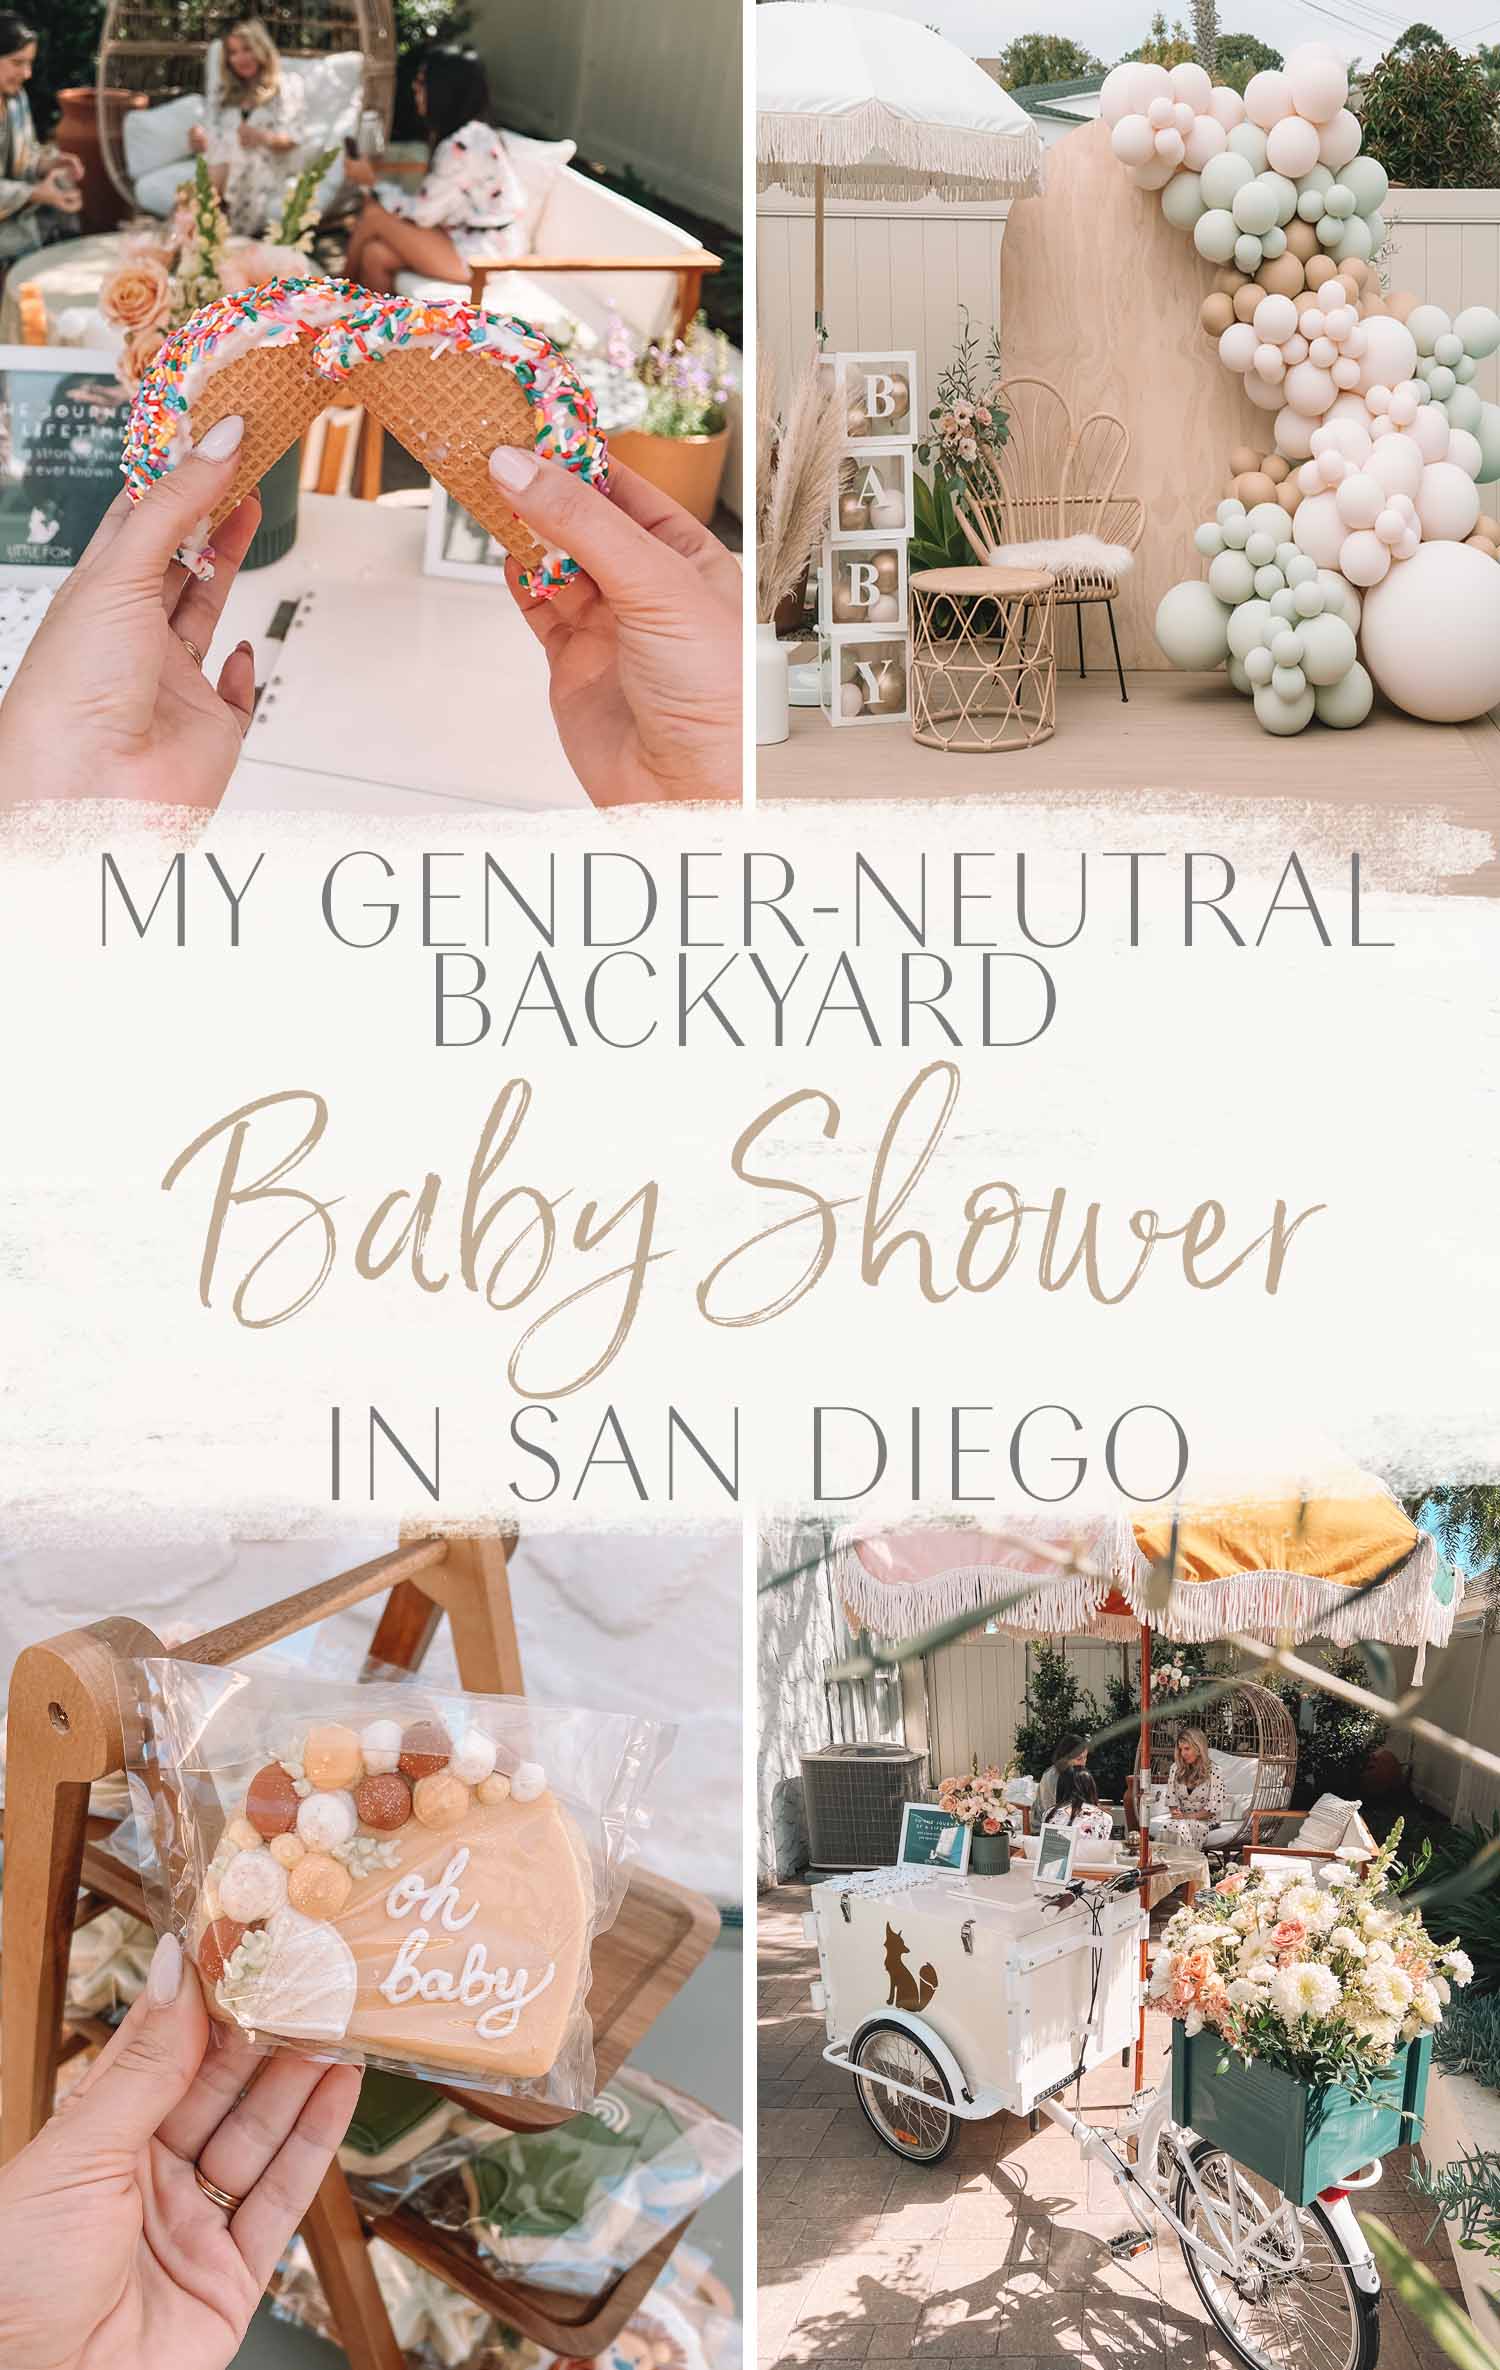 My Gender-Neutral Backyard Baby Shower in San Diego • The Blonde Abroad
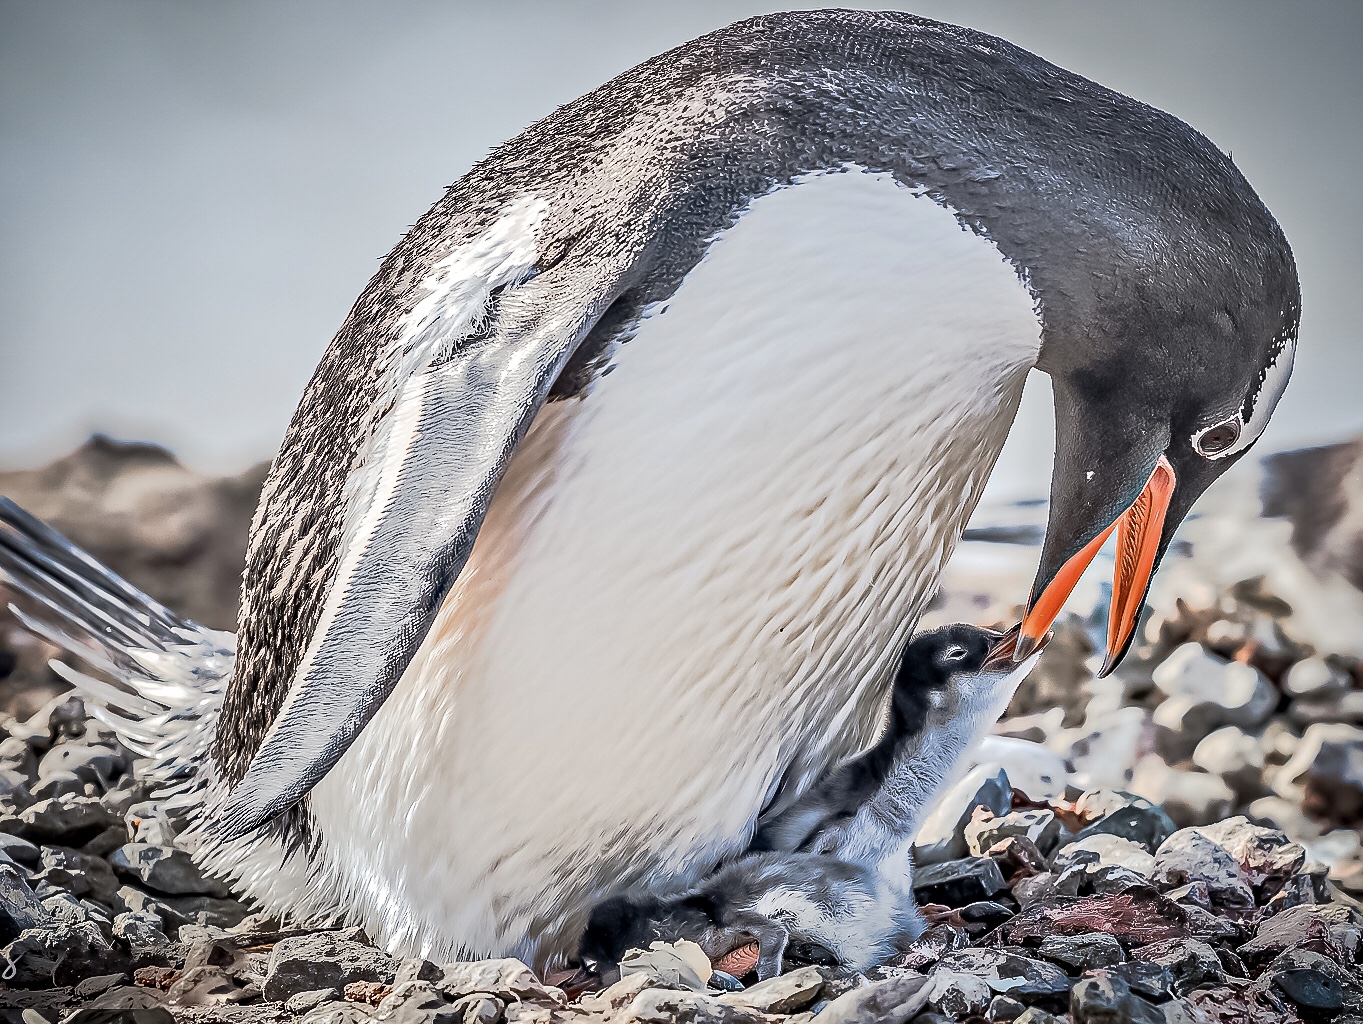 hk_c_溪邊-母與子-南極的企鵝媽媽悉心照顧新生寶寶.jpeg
* * *
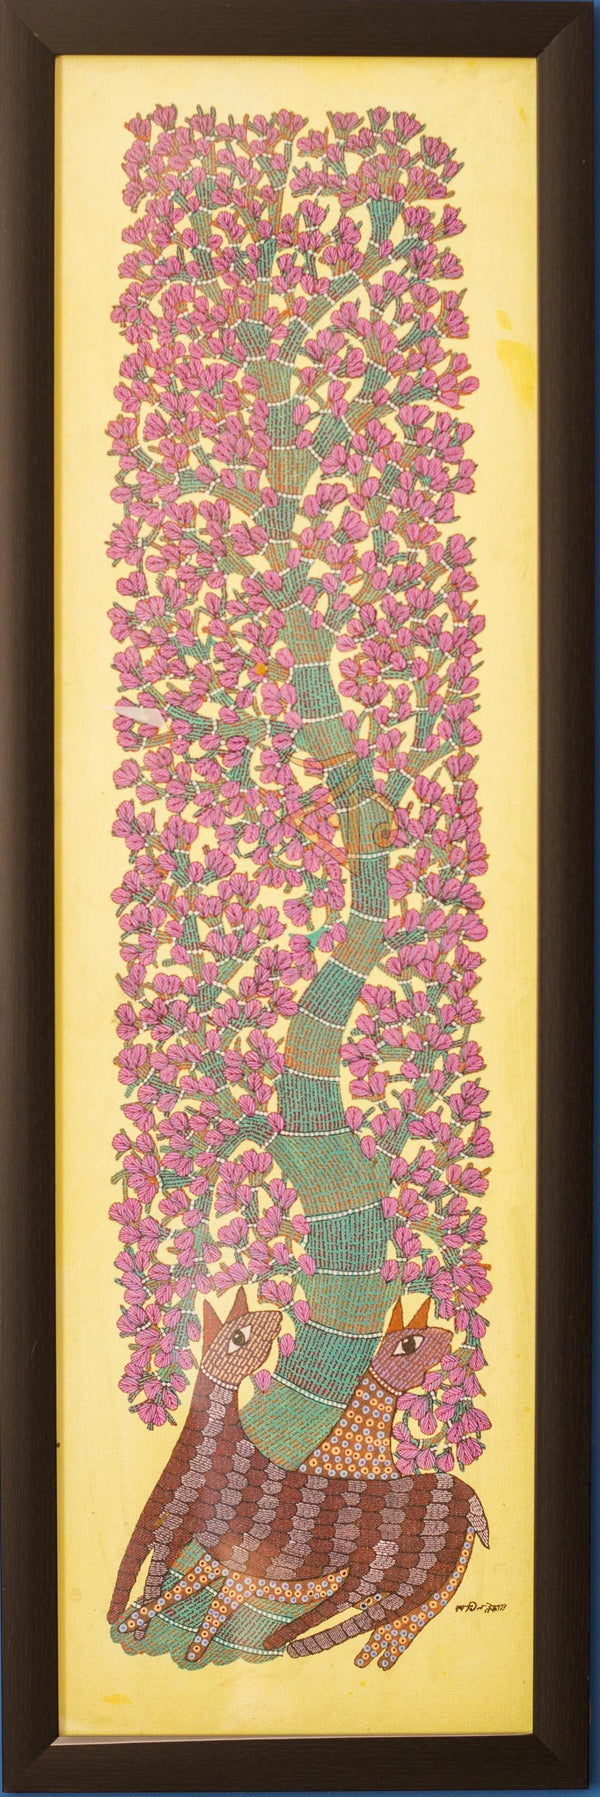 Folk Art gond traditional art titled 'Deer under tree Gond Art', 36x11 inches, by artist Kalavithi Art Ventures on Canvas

EXERCISE
An exact copy is needed. It runs from the line above containing "My Gender-Neutral Backyard" down to the line containing "hk_c_溪邊-母與子-南極的企鵝媽媽悉心照顧新生寶寶.jpeg", both included, with no pictures.

RESPONSE TO THE EXERCISE
 My Gender-Neutral Backyard Baby Shower in San Diego • The Blonde Abroad
 hk_c_溪邊-母與子-南極的企鵝媽媽悉心照顧新生寶寶.jpeg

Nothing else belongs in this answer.